MIPT, Advanced ML, Spring 2018

Organization Info

Дедлайн 20 апреля 2018 23:59 для всех групп.
В качестве решения задания нужно прислать ноутбук с подробными комментариями.

Оформление дз:

Присылайте выполненное задание на почту ml.course.mipt@gmail.com
Укажите тему письма в следующем формате ML2018_fall_<номер_группы>_<фамилия>, к примеру -- ML2018_fall_495_ivanov
Выполненное дз сохраните в файл <фамилия>_<группа>_task<номер>.ipnb, к примеру -- ivanov_401_task6.ipnb

Вопросы:

Присылайте вопросы на почту ml.course.mipt@gmail.com
Укажите тему письма в следующем формате ML2018_fall Question <Содержание вопроса>

PS1: Используются автоматические фильтры, и просто не найдем ваше дз, если вы неаккуратно его подпишите.
PS2: Просроченный дедлайн снижает максимальный вес задания по формуле, указнной на первом семинаре
PS3: Допустимы исправление кода предложенного кода ниже, если вы считаете

Home work 1: Basic Artificial Neural Networks

Credit https://github.com/yandexdataschool/YSDA_deeplearning17, https://github.com/DmitryUlyanov

Зачем это всё нужно?! Зачем понимать как работают нейросети внутри когда уже есть куча библиотек?

Время от времени Ваши сети не учатся, веса становятся nan-ами, все расходится и разваливается -- это можно починить если понимать бекпроп
Если Вы не понимаете как работают оптимизаторы, то не сможете правильно выставить гиперпарааметры :) и тоже ничего выучить не выйдет
https://medium.com/@karpathy/yes-you-should-understand-backprop-e2f06eab496b

The goal of this homework is simple, yet an actual implementation may take some time :). We are going to write an Artificial Neural Network (almost) from scratch. The software design of was heavily inspired by Torch which is the most convenient neural network environment when the work involves defining new layers.

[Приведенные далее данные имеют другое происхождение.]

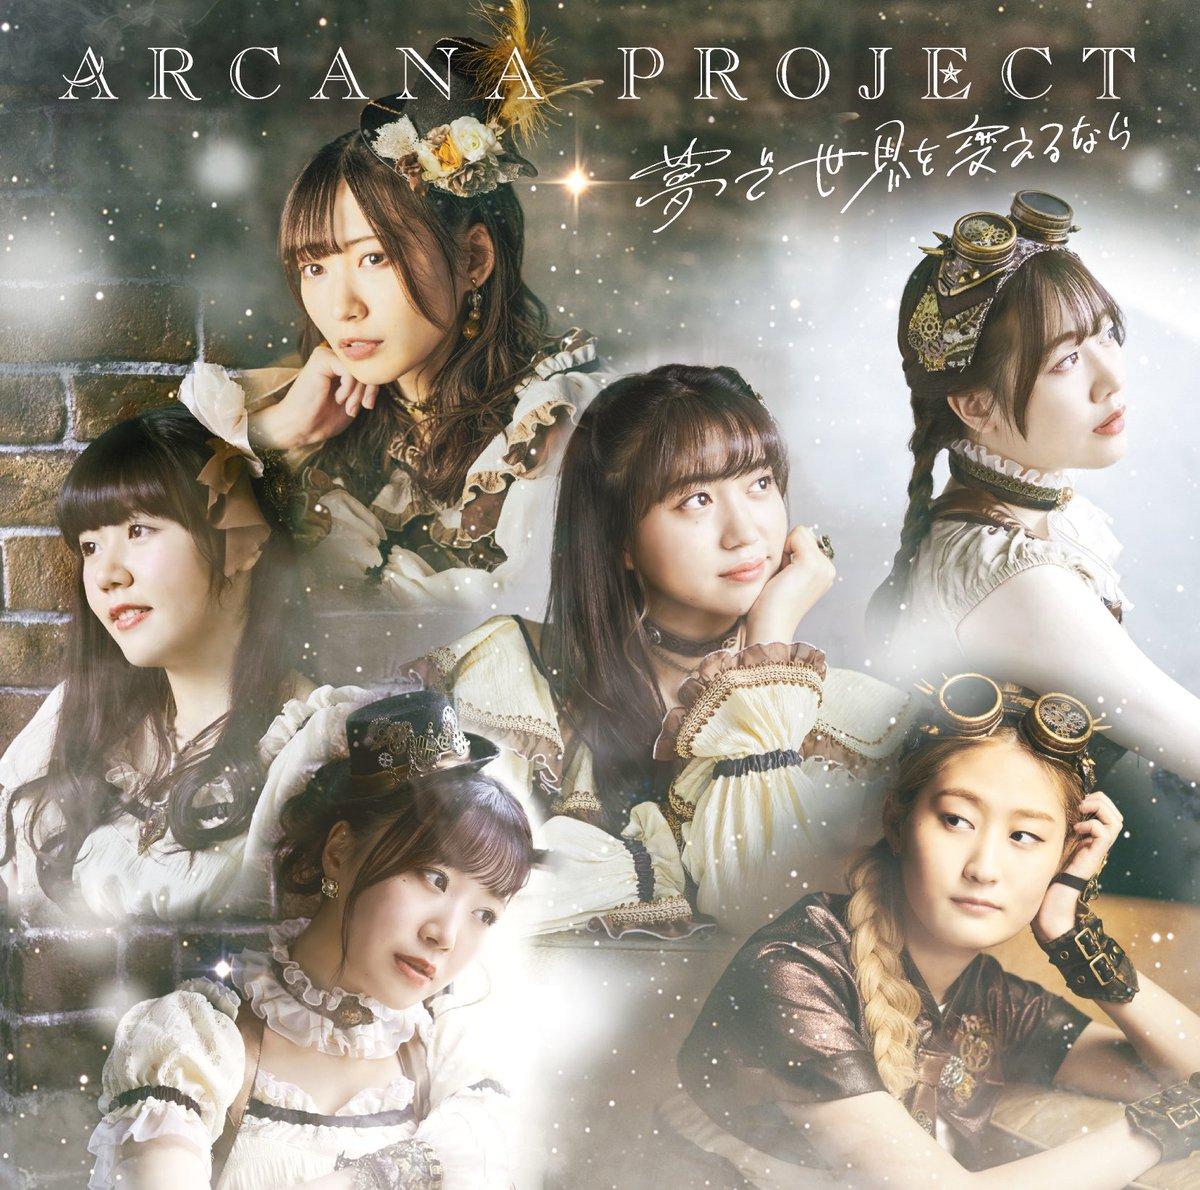 『ARCANA PROJECT - 夢で世界を変えるなら』収録の『夢で世界を変えるなら』ジャケット

This homework requires sending "multiple files, please do not forget to include all the files when sending to TA. The list of files:

This notebook
hw6_Modules.ipynb

If you want to read more about backprop this links can be helpfull:

Check Questions

Вопрос 1: Чем нейросети отличаются от линейных моделей, а чем похожи?

Похожи тем, что нейросеть состоит в том числе и из композиции нескольких линейных моделей, но отличается тем, что есть нелинейная составляющая, чтобы в итоге не была 100% линейная модель.

Вопрос 2: В чем недостатки полносвзяных нейронных сетей, какая мотивация к использованию свёрточных?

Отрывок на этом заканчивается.